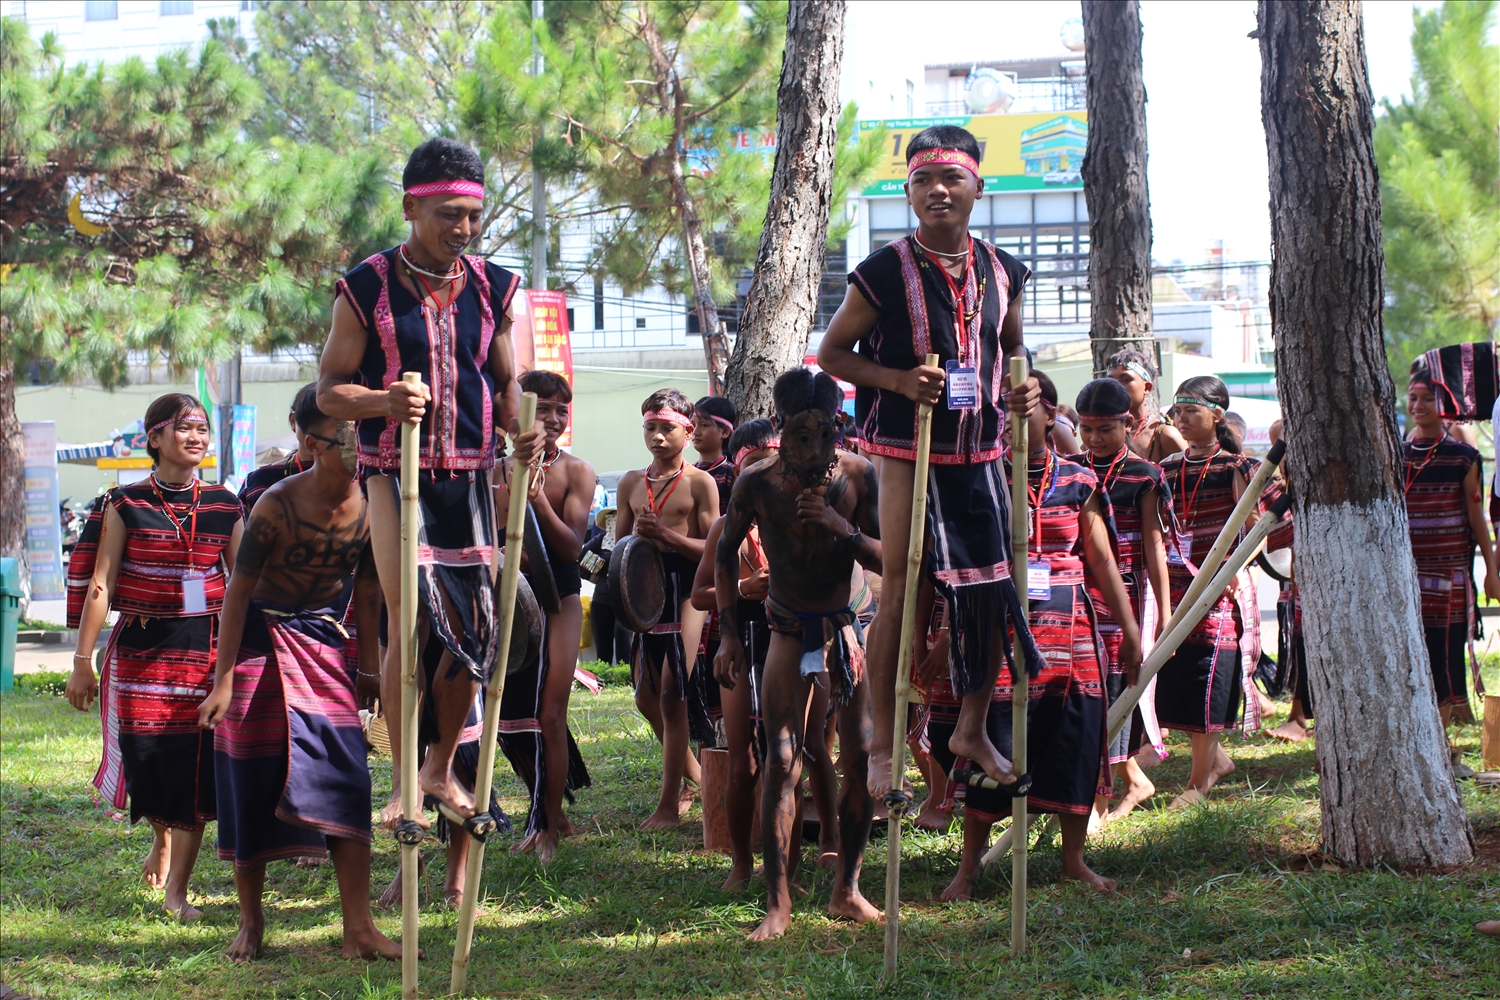 Dưới sự truyền dạy của những nghệ nhân đánh chiêng ở làng mà đội cồng chiêng nhí của làng Kte-Chăng (xã Đak Song, huyện Kông Chro) đã có thể tham gia nhiều hoạt động văn hóa lớn nhỏ trong toàn tỉnh.
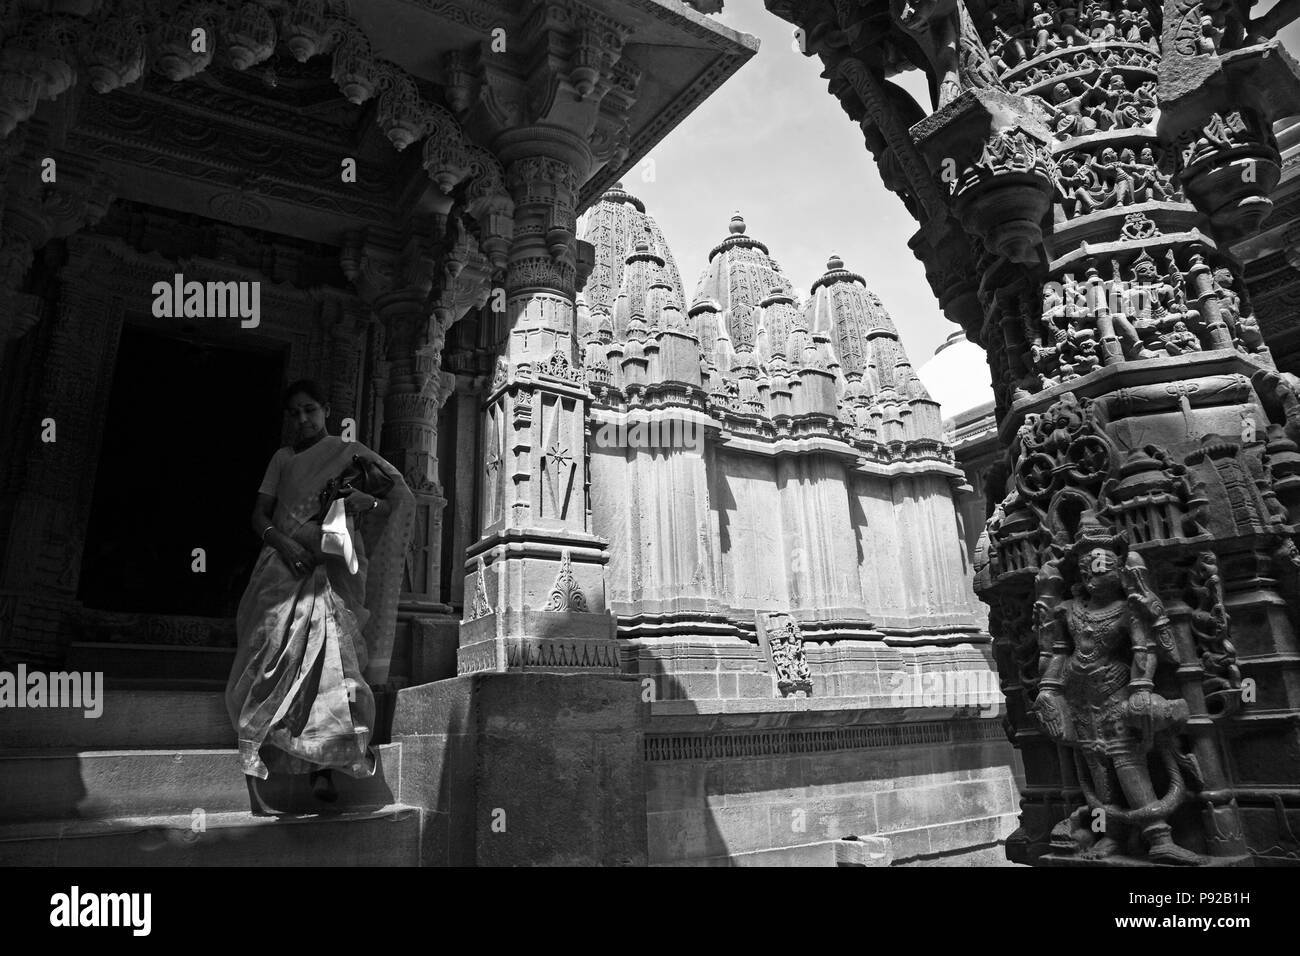 Entrata del CHANDRAPRABHU tempio Jain come visto all'interno di Forte di Jaisalmer - Rajasthan, India Foto Stock
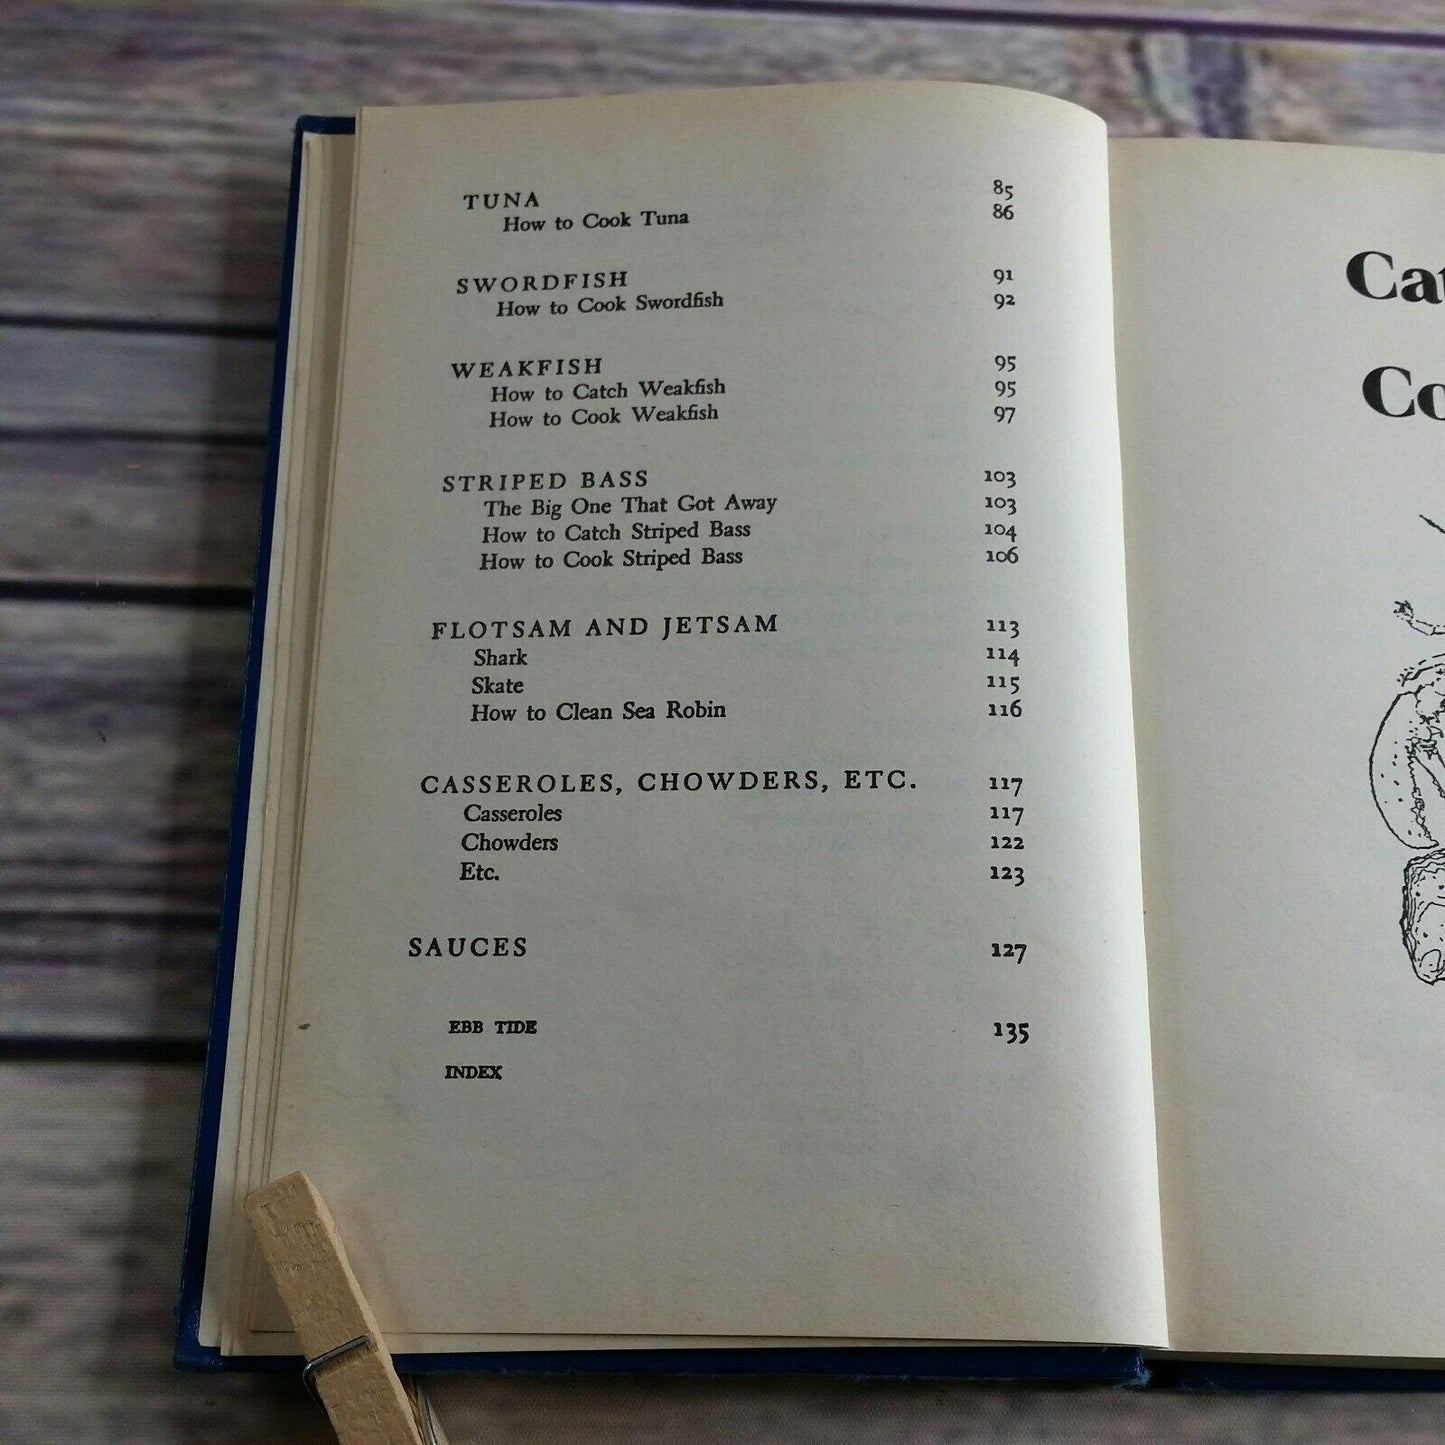 Vintage Seafood Cookbook Catch Em Hook Em Cook Em 1980 Bunny Day Hardcover NO Dust Jacket 2 Books in One 1980s
□ □ □
Work task:
Output nothing but an exact retyping of the material, pictures excluded.

Result below:
 Dưới sự truyền dạy của những nghệ nhân đánh chiêng ở làng mà đội cồng chiêng nhí của làng Kte-Chăng (xã Đak Song, huyện Kông Chro) đã có thể tham gia nhiều hoạt động văn hóa lớn nhỏ trong toàn tỉnh.
 Entrata del CHANDRAPRABHU tempio Jain come visto all'interno di Forte di Jaisalmer - Rajasthan, India Foto Stock
 Vintage Seafood Cookbook Catch Em Hook Em Cook Em 1980 Bunny Day Hardcover NO Dust Jacket 2 Books in One 1980s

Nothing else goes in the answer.